Dropping a Vector Drops Its Elements
Once a vector goes out-of-scope, like any other struct it gets dropped and the memory associated with it is freed.
8.2 - Storing UTF-8 Encoded Text with Strings
We're going to talk about strings here in the chapter on collections, because a string is basically a vector of UTF8 bytes. Strings can seem a bit more finicky in Rust than in other languages, but in actual fact most other languages let you do very unsafe things with Strings and the real difference is that Rust tries to protect you from this.
What Is a String?
In the core language, Rust only defines the string slice &str
. This represents a string of characters that is stored "somewhere else", like in the program binary. The String
type in Rust isn't actually part of the core language, but part of the standard library.
A String
represents a growable, mutable UTF-8 encoded string stored on the heap.
Creating a New String
We can create a String with new
, just like a vector:
let mut s = String::new();
Any type that implements the Display
trait has a to_string
method which can be used to create a string:
let s = "Hello, world!".to_string();
And as we've seen we can also use String::from
to copy a string literal into a String:
let s = String::from("Hello, World!");
to_string
and String::from
do exactly the same thing here. Which you choose is a matter of style and readability.
Updating a String
Strings, like vectors, can grow in size and be modified. You can concatenate Strings with the +
operator or the format!
macro.
Some examples:
let mut foobar = String::from("foo");
// push_str() appends a string slice.
foobar.push_str("bar");
// push() appends a single character.
foobar.push('!');
We can concatenate with the +
operator, similar to JavaScript, Java, and Go:
// + can be used to concatenate strings:
let s1 = String::from("Hello, ");
let s2 = String::from("World!");
let s3 = s1 + &s2;
The +
operator here will take ownership of s1
, so s1
won't be valid after the +
expression. The eagle eyed among you will notice we didn't write s1 + s2
, but s1 + &s2
. The +
operator is actually implemented using the add
method on String. If you look up add
, you'll it is implemented using generics, but basically in this particular case the function signature boils down to:
fn add(self, s: &str) -> String
And so the second parameter needs to be a reference. Those readers who are especially alert might also notice that we're passing an &String
to the add operator here and not an &str
for that second parameter, but this is okay because Rust can coerce the type of &s2
to &str
. We'll talk more about this in chapter 15.

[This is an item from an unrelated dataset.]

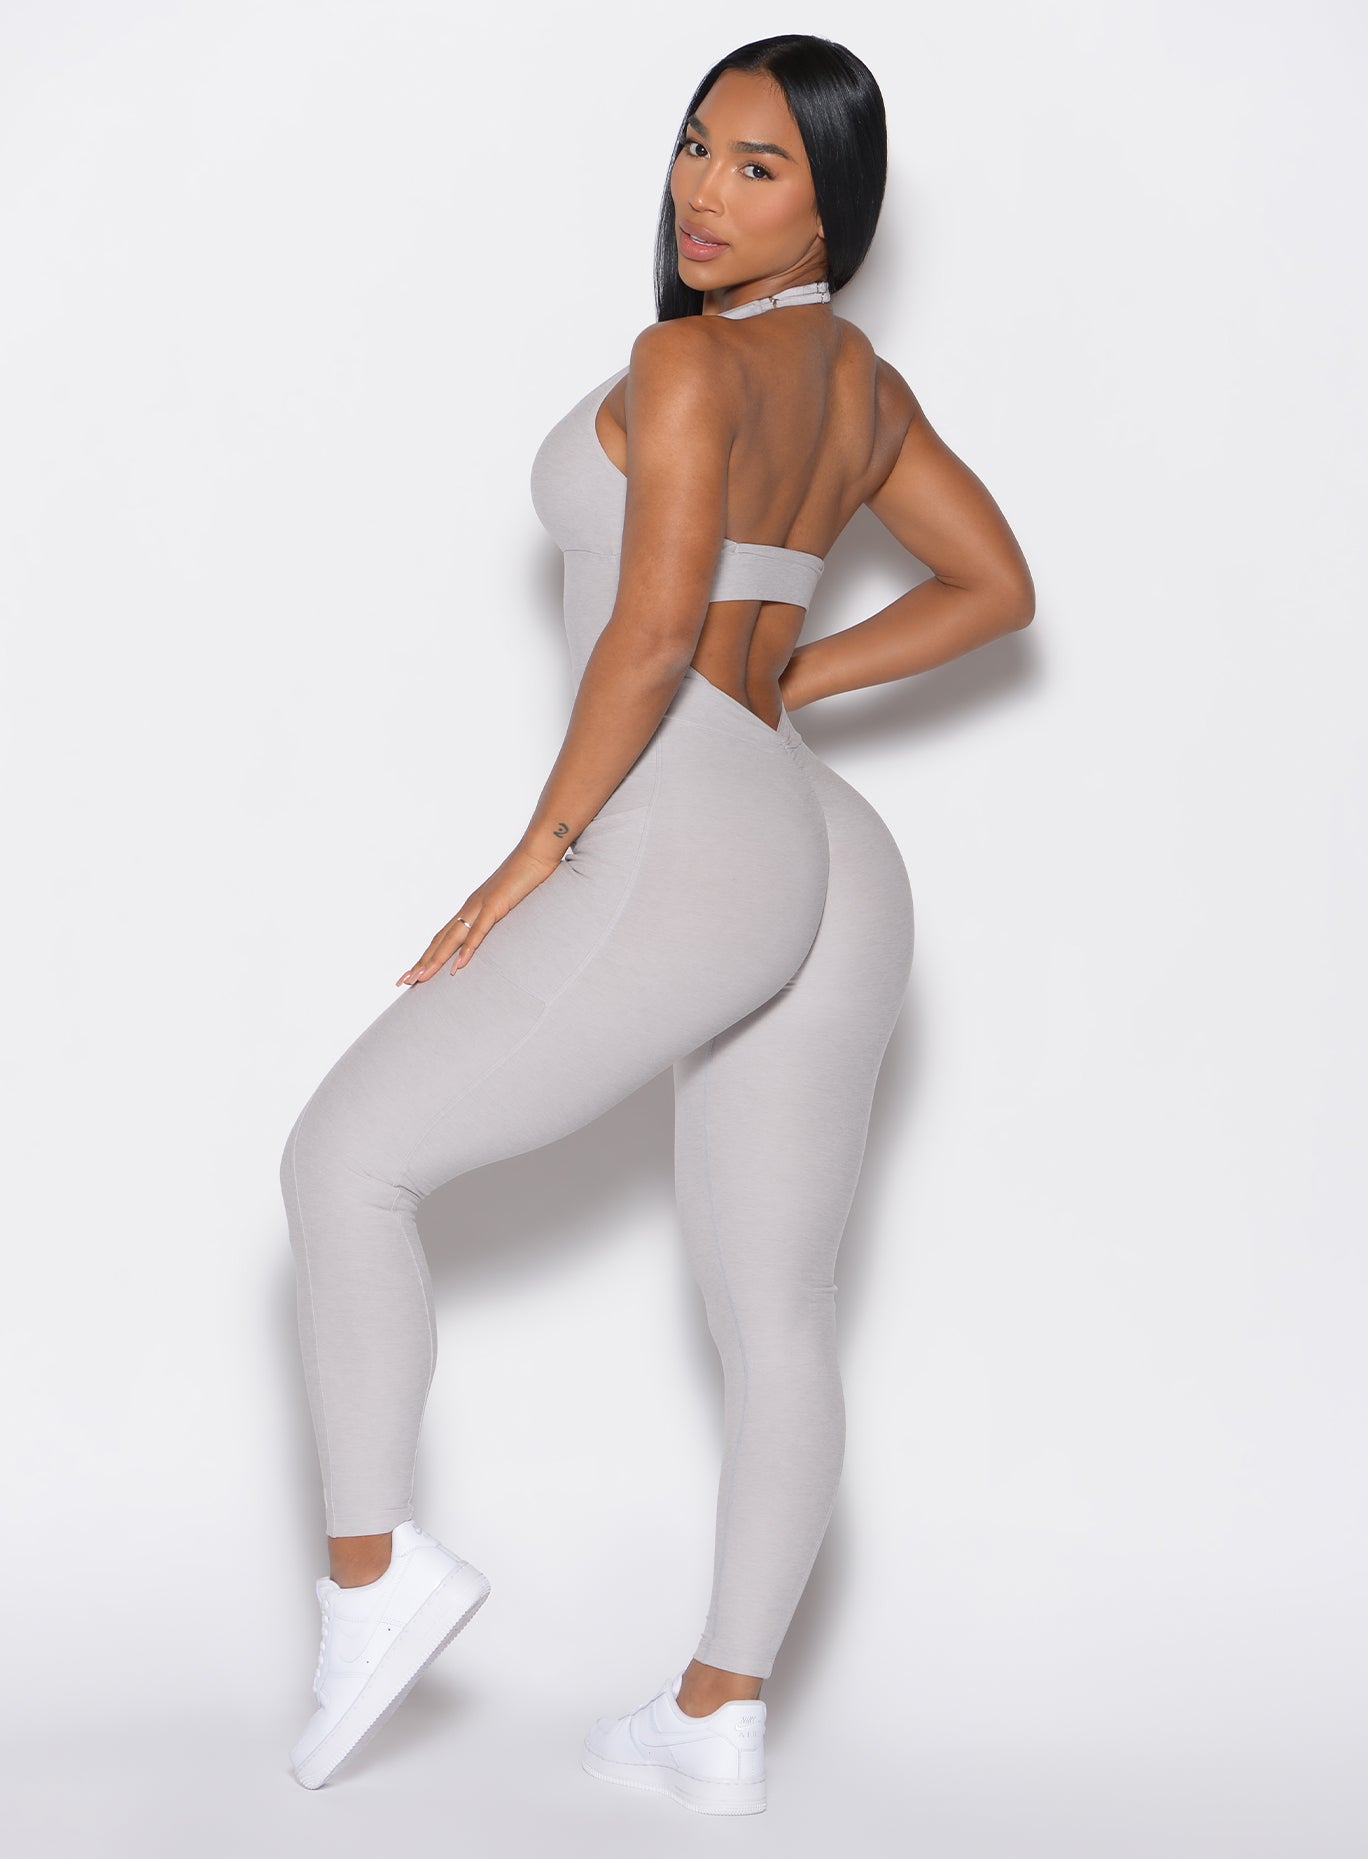 Left side profile view of a model wearing our Backless Pocket Bodysuit in ice color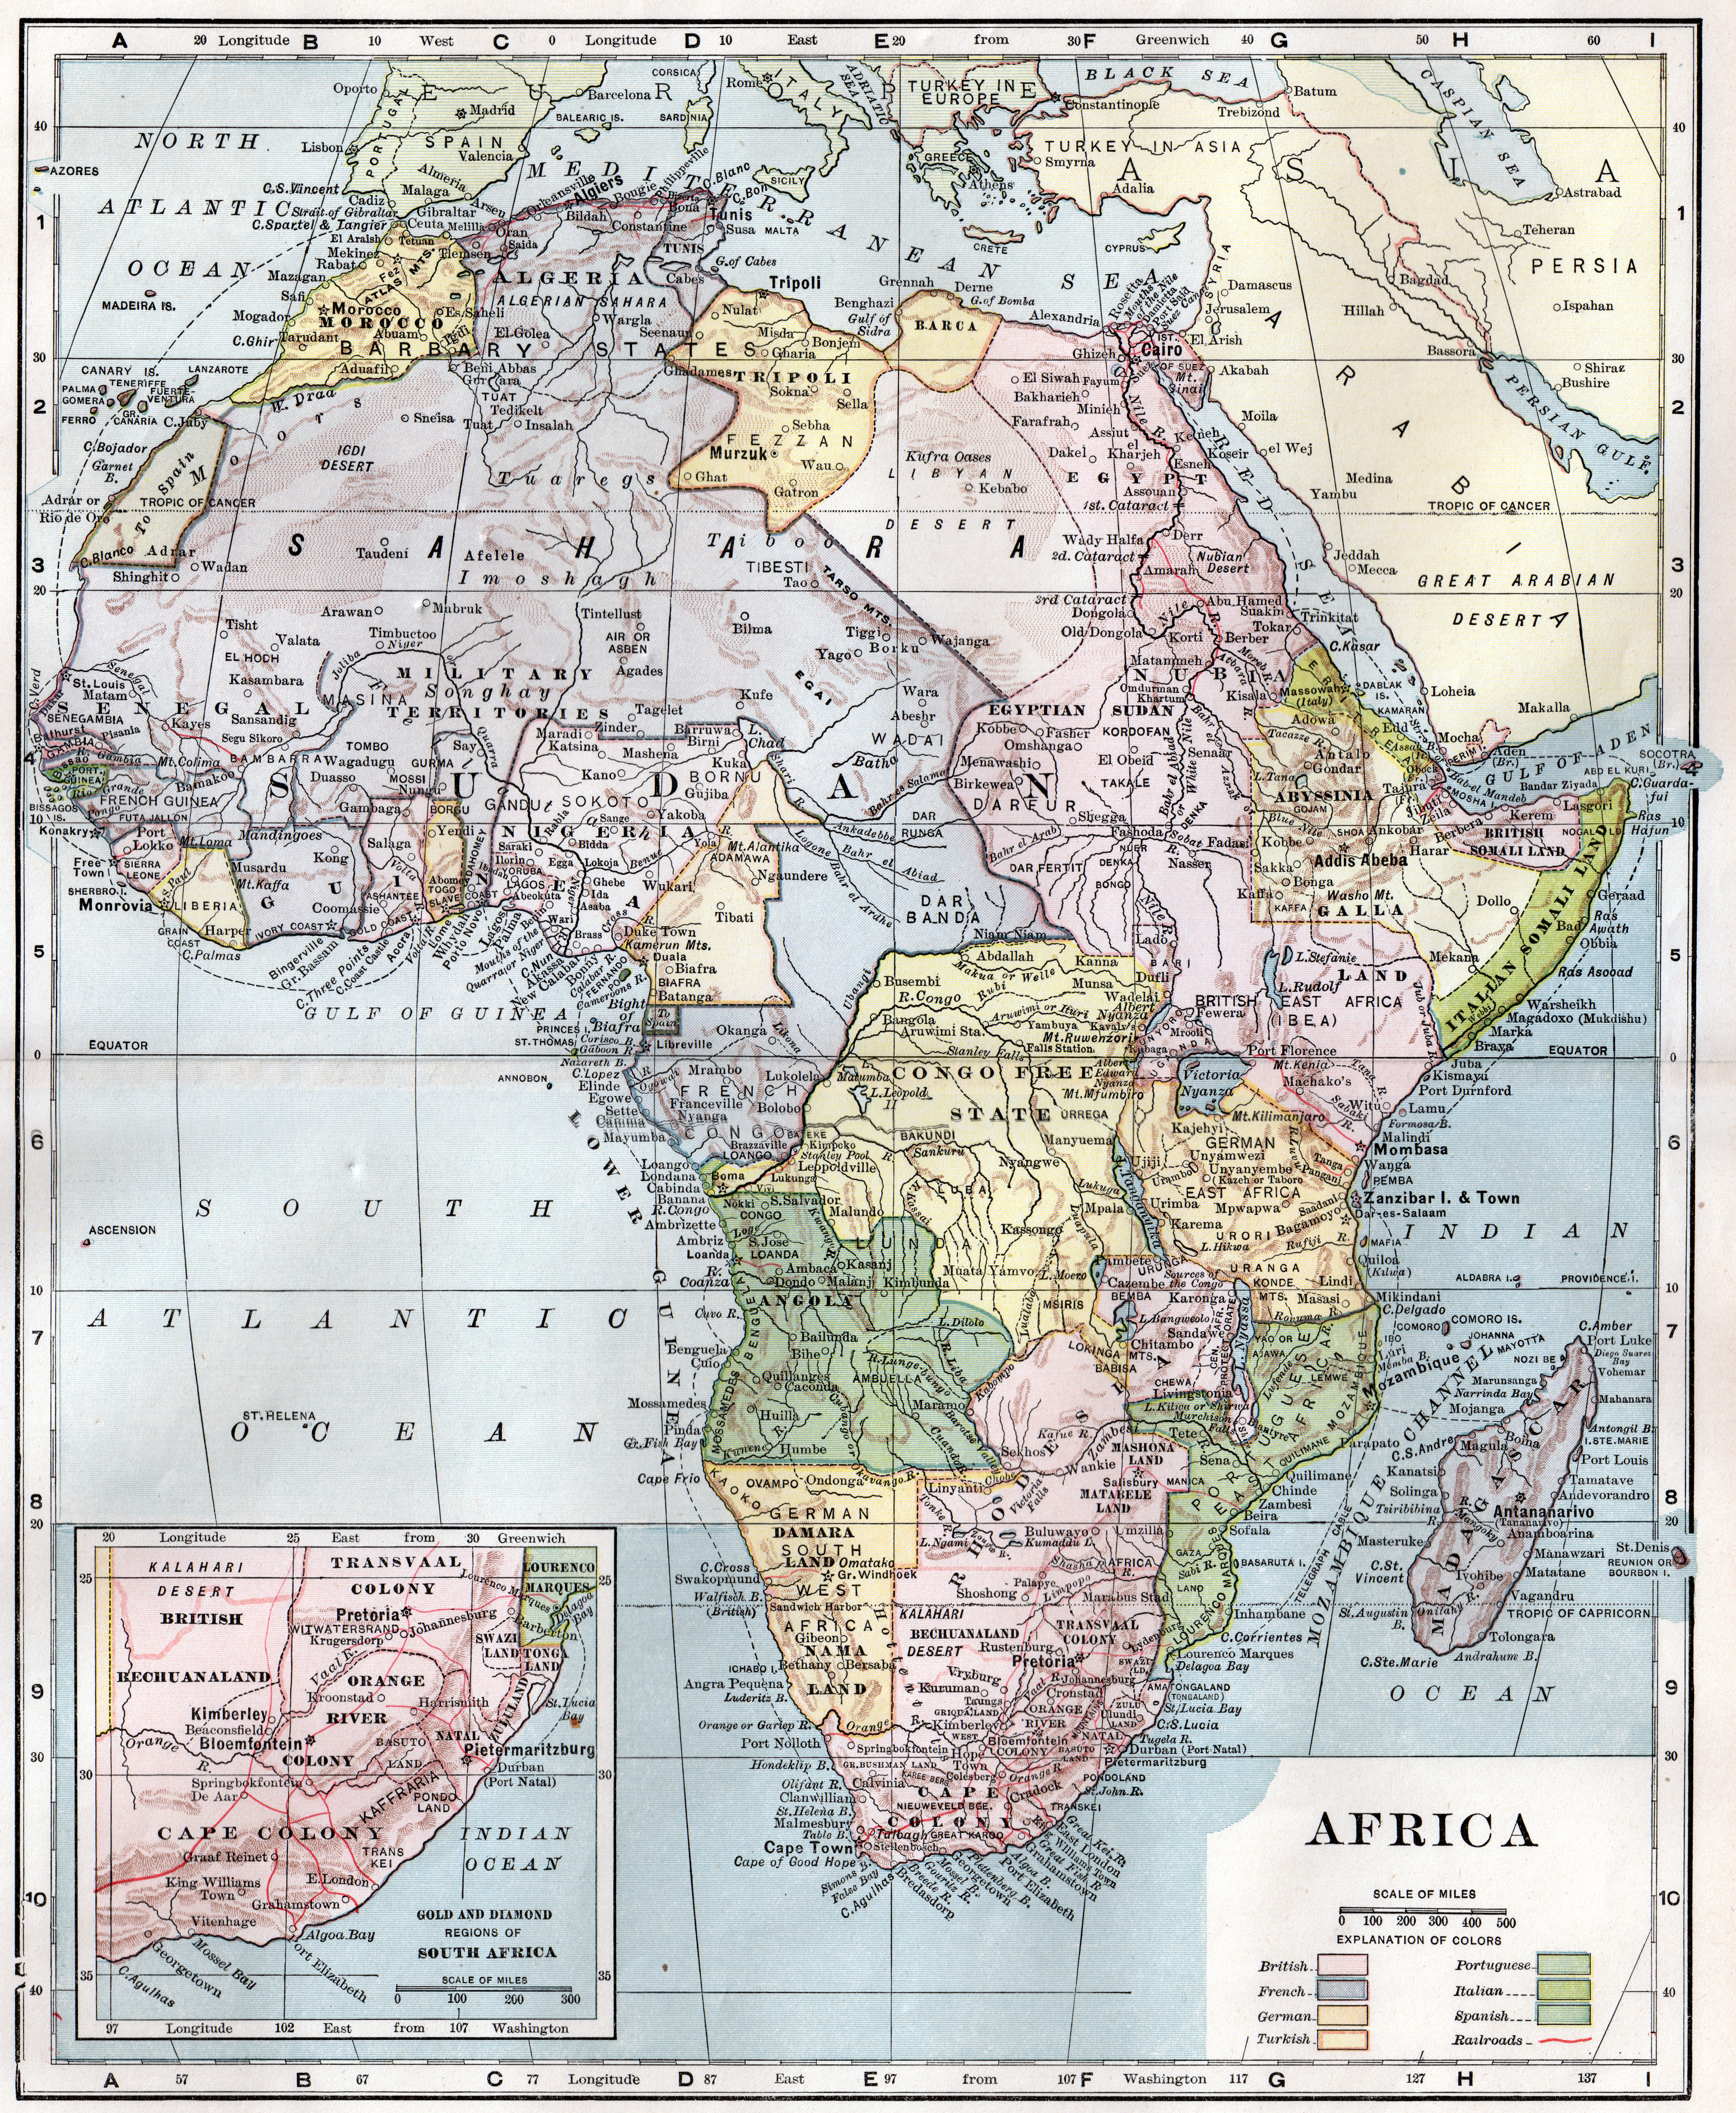 This is a map of Africa showing British, French, Turkish, Italian, German, and Portguese territories in the early twentieth century. .

If we want to concatenate multiple strings, we can use the format!
macro, which is a bit like println!
except it evaluates to a String
instead of printing the result to the screen:
let s1 = String::from("tic");
let s2 = String::from("tac");
let s3 = String::from("toe");
let s = format!("{s1}-{s2}-{s3}");
format!
doesn't take ownership of any of these values.
Indexing into Strings
Unlike with a vector, you can't index into a string with []
.
Many languages treat indexing into a string as getting the nth byte from a string, but mainly this is a throwback to the days when we used encodings like 8-bit ASCII, where a single byte was a single character on the screen. Rust doesn't allow you to index into a String like this. You can use the s.bytes()
method to get an iterator over the underlying bytes, or s.chars()
to get at the underlying unicode scalar values.
Bytes and Scalar Values and Grapheme Clusters! Oh My!
We can look at any UTF-8 string as a series of bytes, but we can also look at it as a series of char
s (which represent unicode scalar values), or as a series of grapheme clusters (i.e. how many "letters" it takes up on the screen).
The word "Hello" contains five bytes, five letters, and five grapheme clusters. If you replaced the first byte with a 74, you'd change it to "Jello".
The Ukrainian word for "rust" is "іржа", which contains 8 bytes: [209, 150, 209, 128, 208, 182, 208, 176]
. Each of pair of bytes encodes a single unicode scalar value, so there are four char
s in this, and there are also four grapheme clusters. If you replaced the first byte with a 74 you'd transform it into an invalid unicode string.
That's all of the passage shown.